- Origin: Amsterdam, Netherlands
- Genres: World, jazz
- Years active: 1997–present
- Labels: Enja, EMI
- Members: Monica Akihary, Niels Brouwer
- Website: boiakih.com

= Boi Akih =

Dutch jazz/world music trio

Boi Akih is a jazz/world music duo based in Amsterdam, Netherlands, and composed of Monica Akihary on vocals and Niels Brouwer on guitar. Boi Akih has worked with other musicians such as Ernst Reijseger (cello), Eric Calmes (bass), Ernst Glerum (bass), Sean Bergin (sax), Sandip Bhattacharya (tabla), Made Subandi (gamelan), Onno Govaert (drums), Tobias Klein (reeds) and Ryoko Imai (marimba, perc.) The group combines musical traditions from the Molucca Islands, Bali, Dutch jazz, improvised music, Indian classical music, and traditional African music.
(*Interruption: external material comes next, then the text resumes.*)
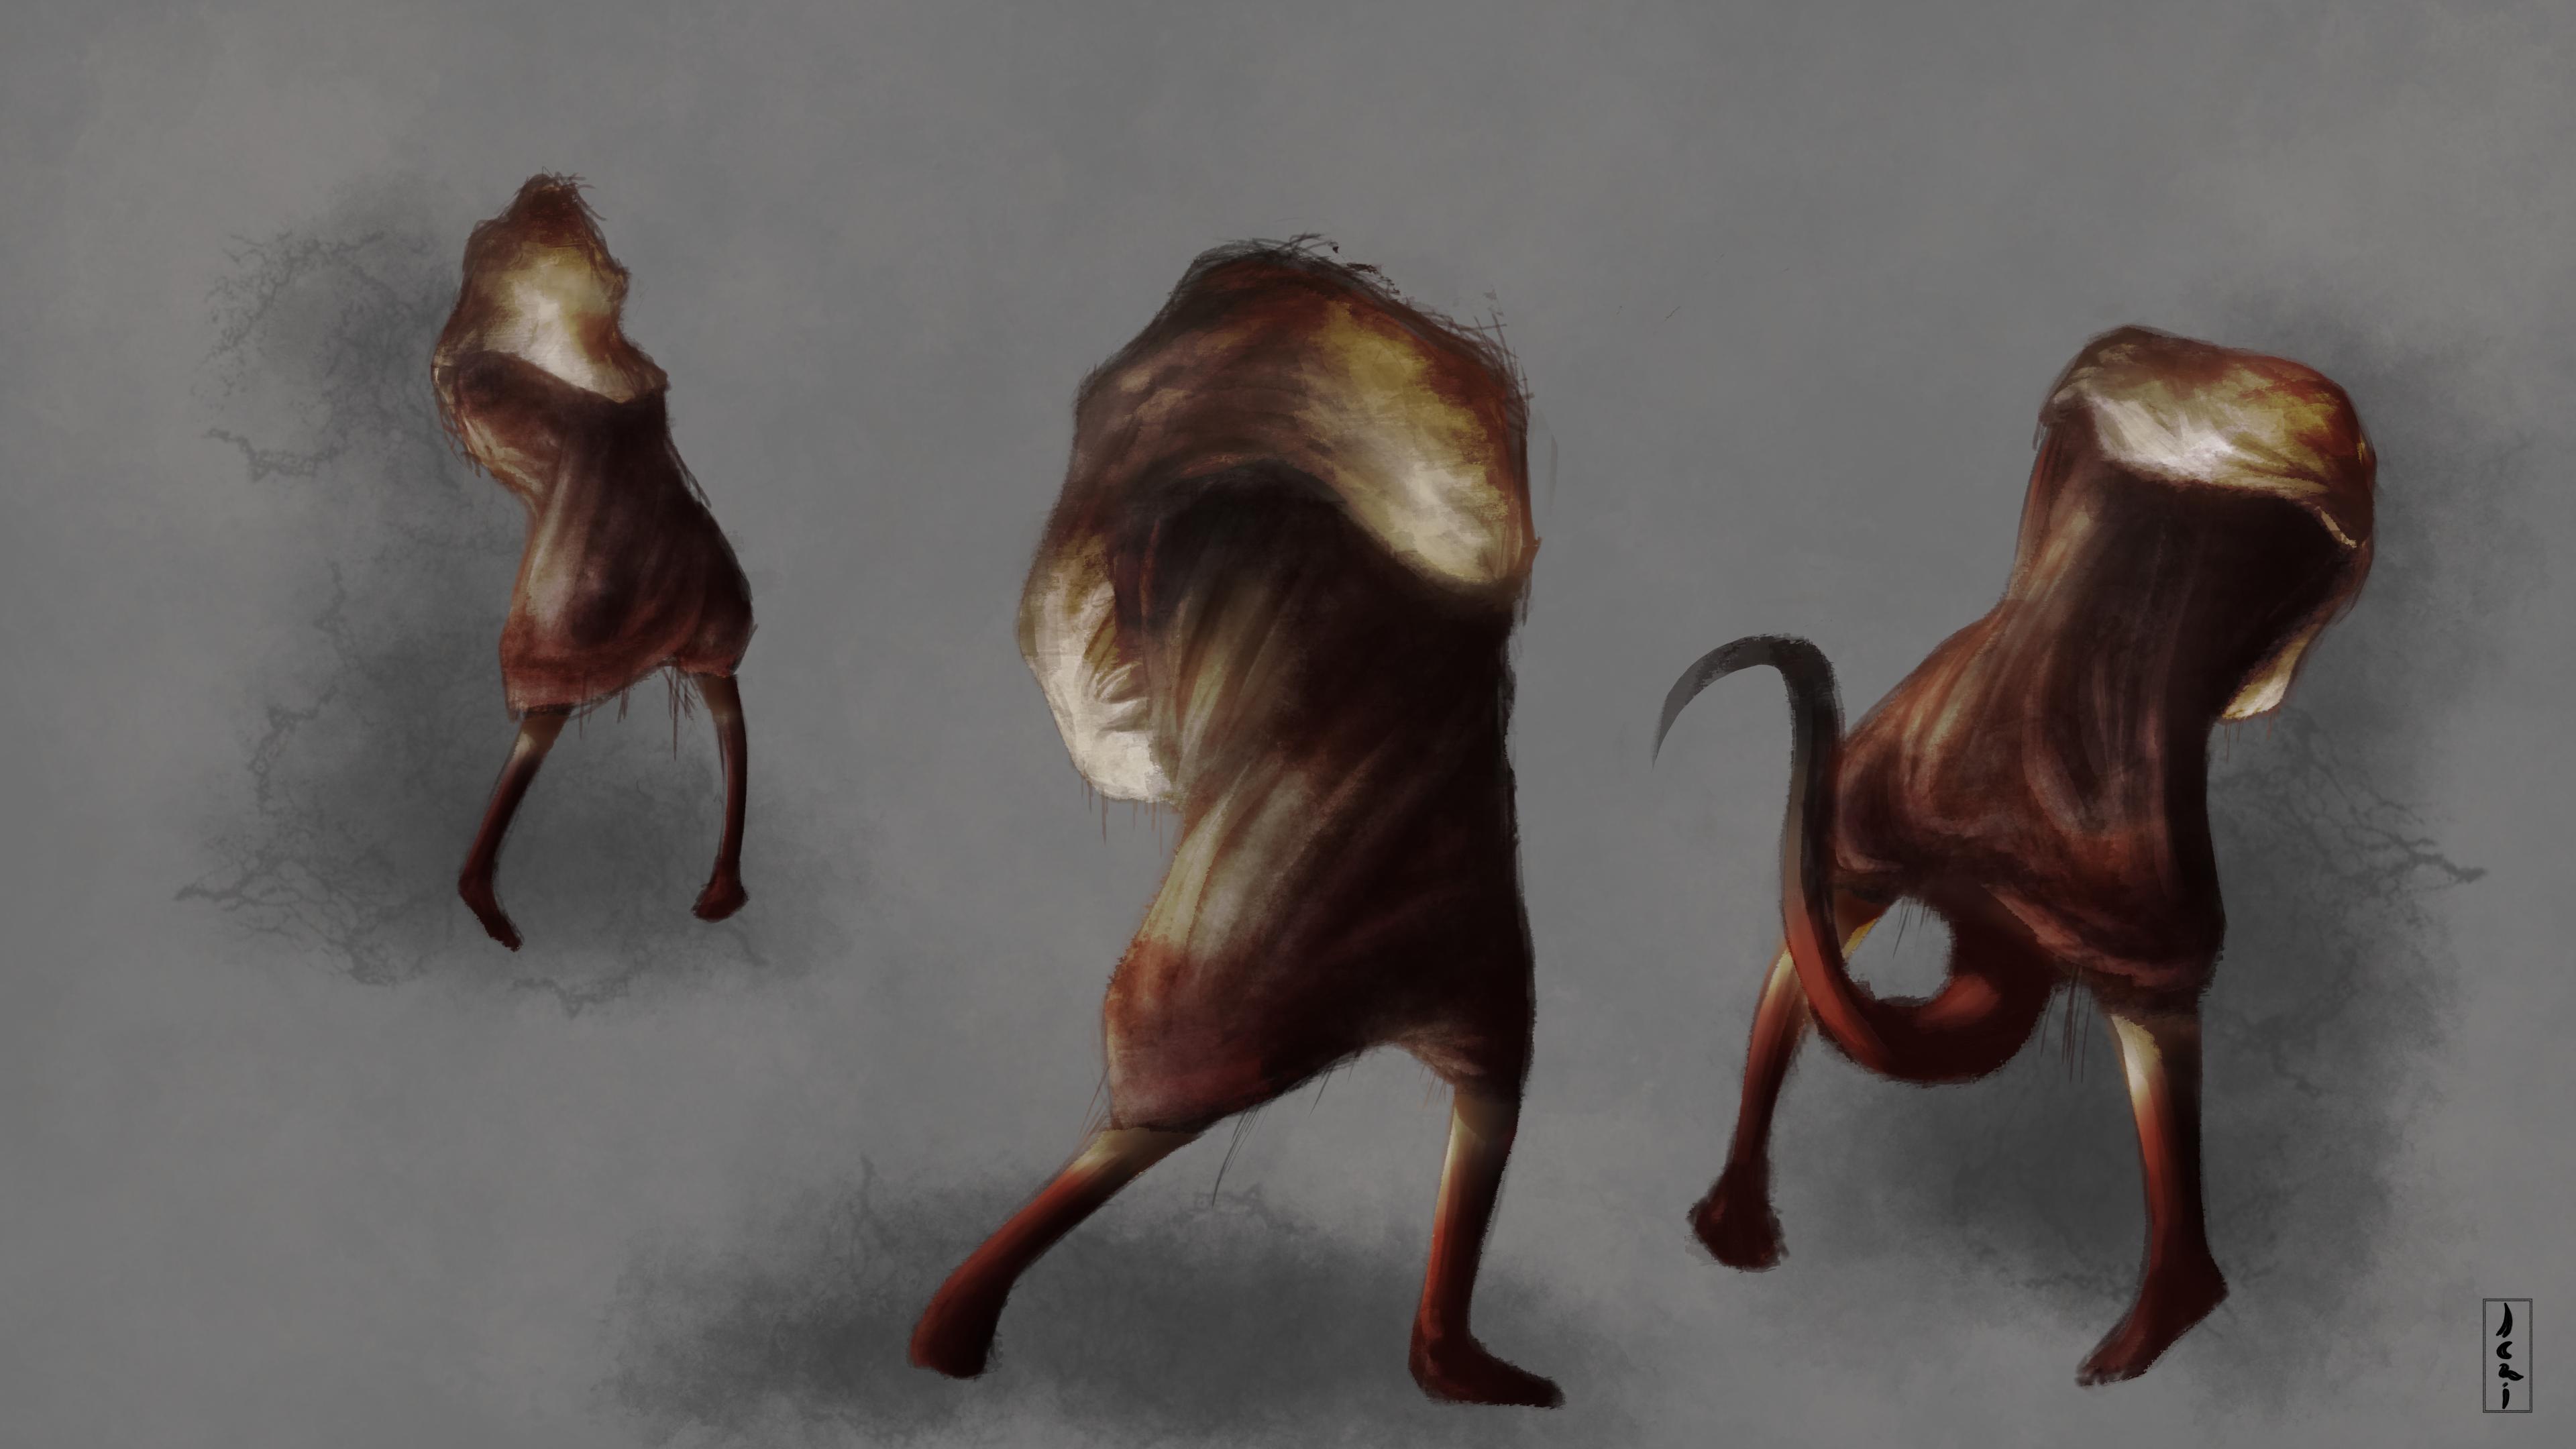 Silent Hill Inspired Monster Concept By Ichigokitsune On Newgrounds

Music is written by Brouwer and lyrics are written by Brouwer and Akihary.

==History==
Sandip Bhattachraya studied with Pandit Ishwar Lal Misra in the style of tabla musician Pandit Anokhelal Misra and has performed with Pandit Hariprasad Chaurasia, Prabha Atre, Lakshmi Shankar, Shujaat Hussain Khan, Ustad Munawar Ali Khan, and Tarun Bhattacharya. Niels Brouwer studied at the Hilversums Conservatorium (Conservatorium van Amsterdam) Monica Akihary is a graduate of visual arts studies in Amsterdam and Yogyakarta (Akademi Seni Rupa). Both studied classical Indian music in Bangalore (2002) and Mumbai (2004).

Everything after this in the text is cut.